WHAT TO DO
Set down exactly, from the records below, the line with "Expresamos nuestras más" through the line with "Pirate ship in a globe", and nothing else.

DATA
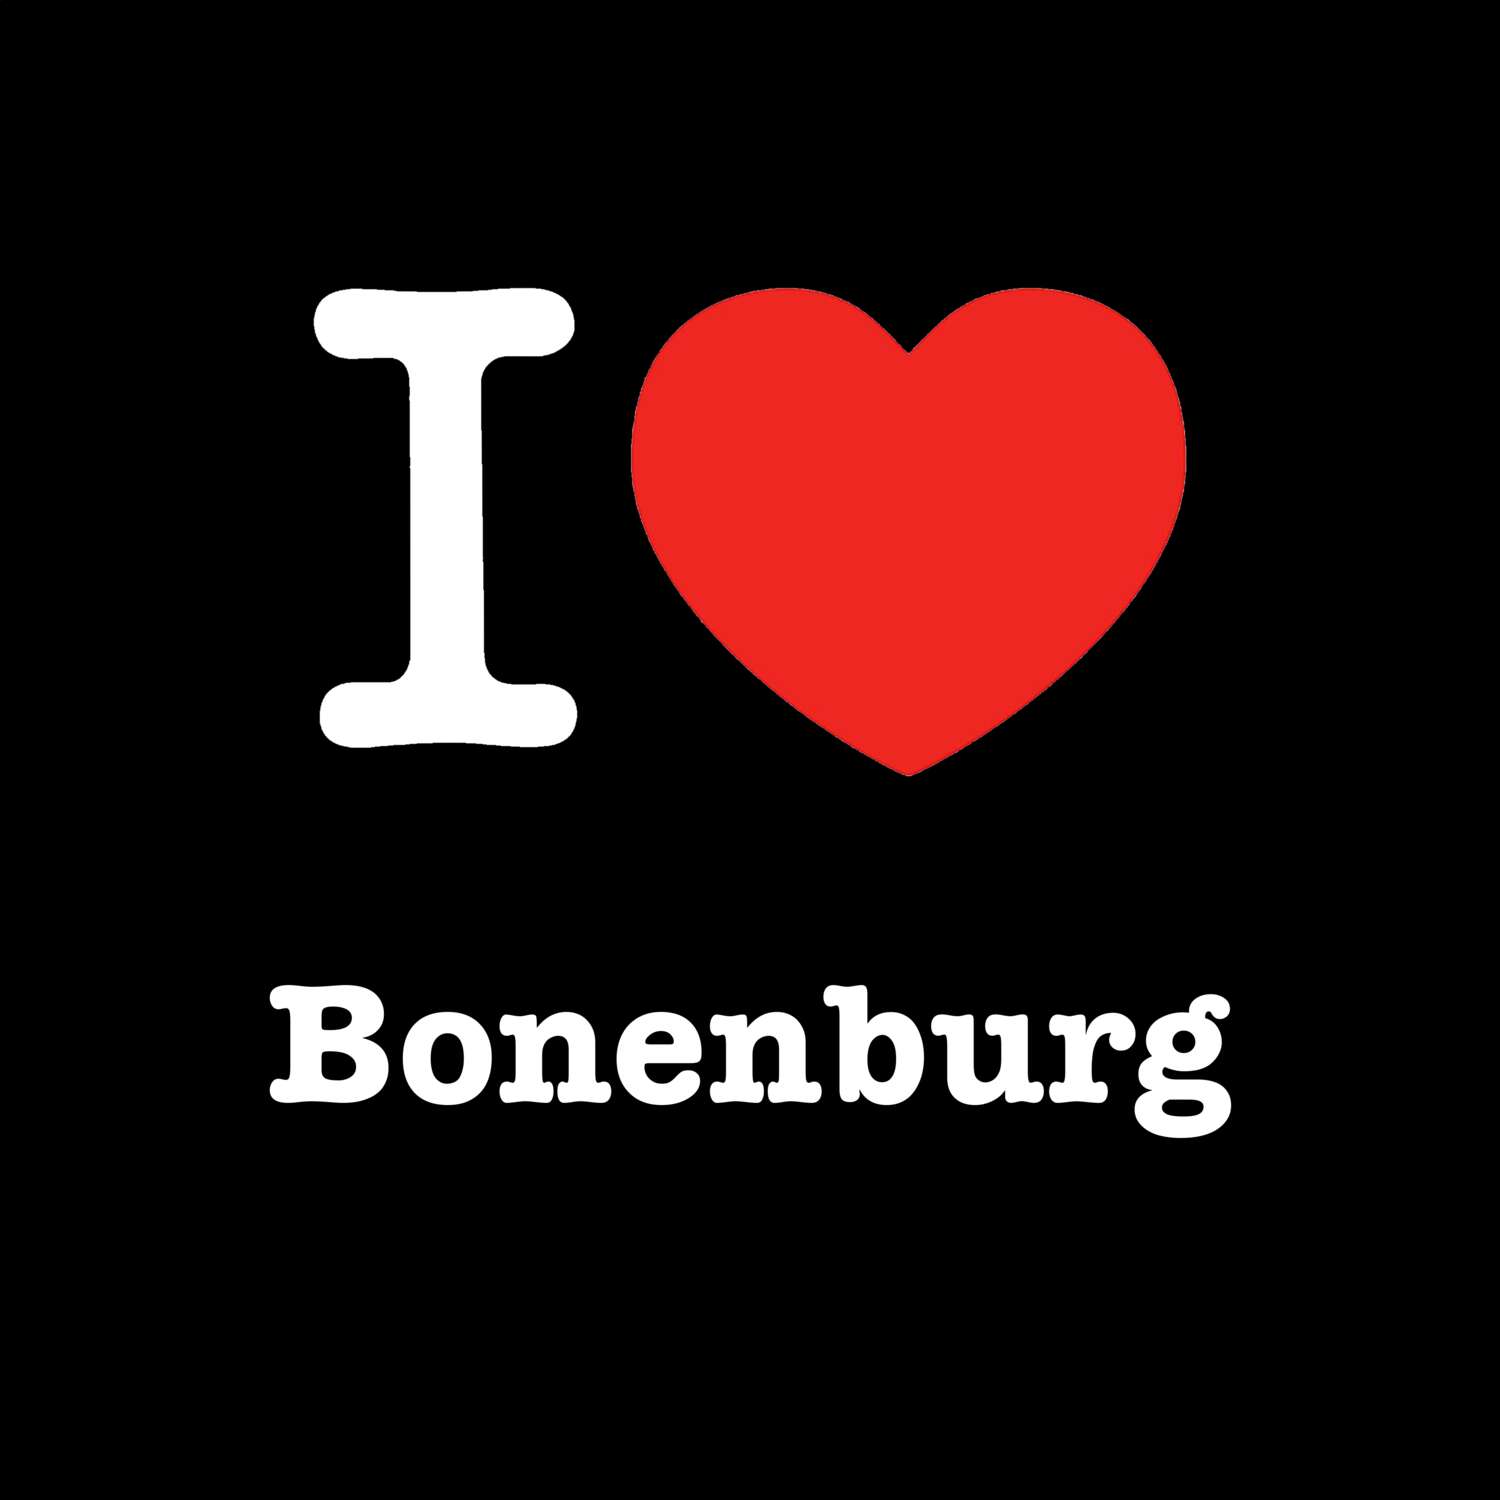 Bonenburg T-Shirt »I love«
...
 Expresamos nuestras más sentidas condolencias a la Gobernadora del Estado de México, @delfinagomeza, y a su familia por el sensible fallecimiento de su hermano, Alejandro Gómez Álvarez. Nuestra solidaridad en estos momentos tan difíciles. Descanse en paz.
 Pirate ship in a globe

RESPONSE TO THE EXERCISE
 Expresamos nuestras más sentidas condolencias a la Gobernadora del Estado de México, @delfinagomeza, y a su familia por el sensible fallecimiento de su hermano, Alejandro Gómez Álvarez. Nuestra solidaridad en estos momentos tan difíciles. Descanse en paz.
 Pirate ship in a globe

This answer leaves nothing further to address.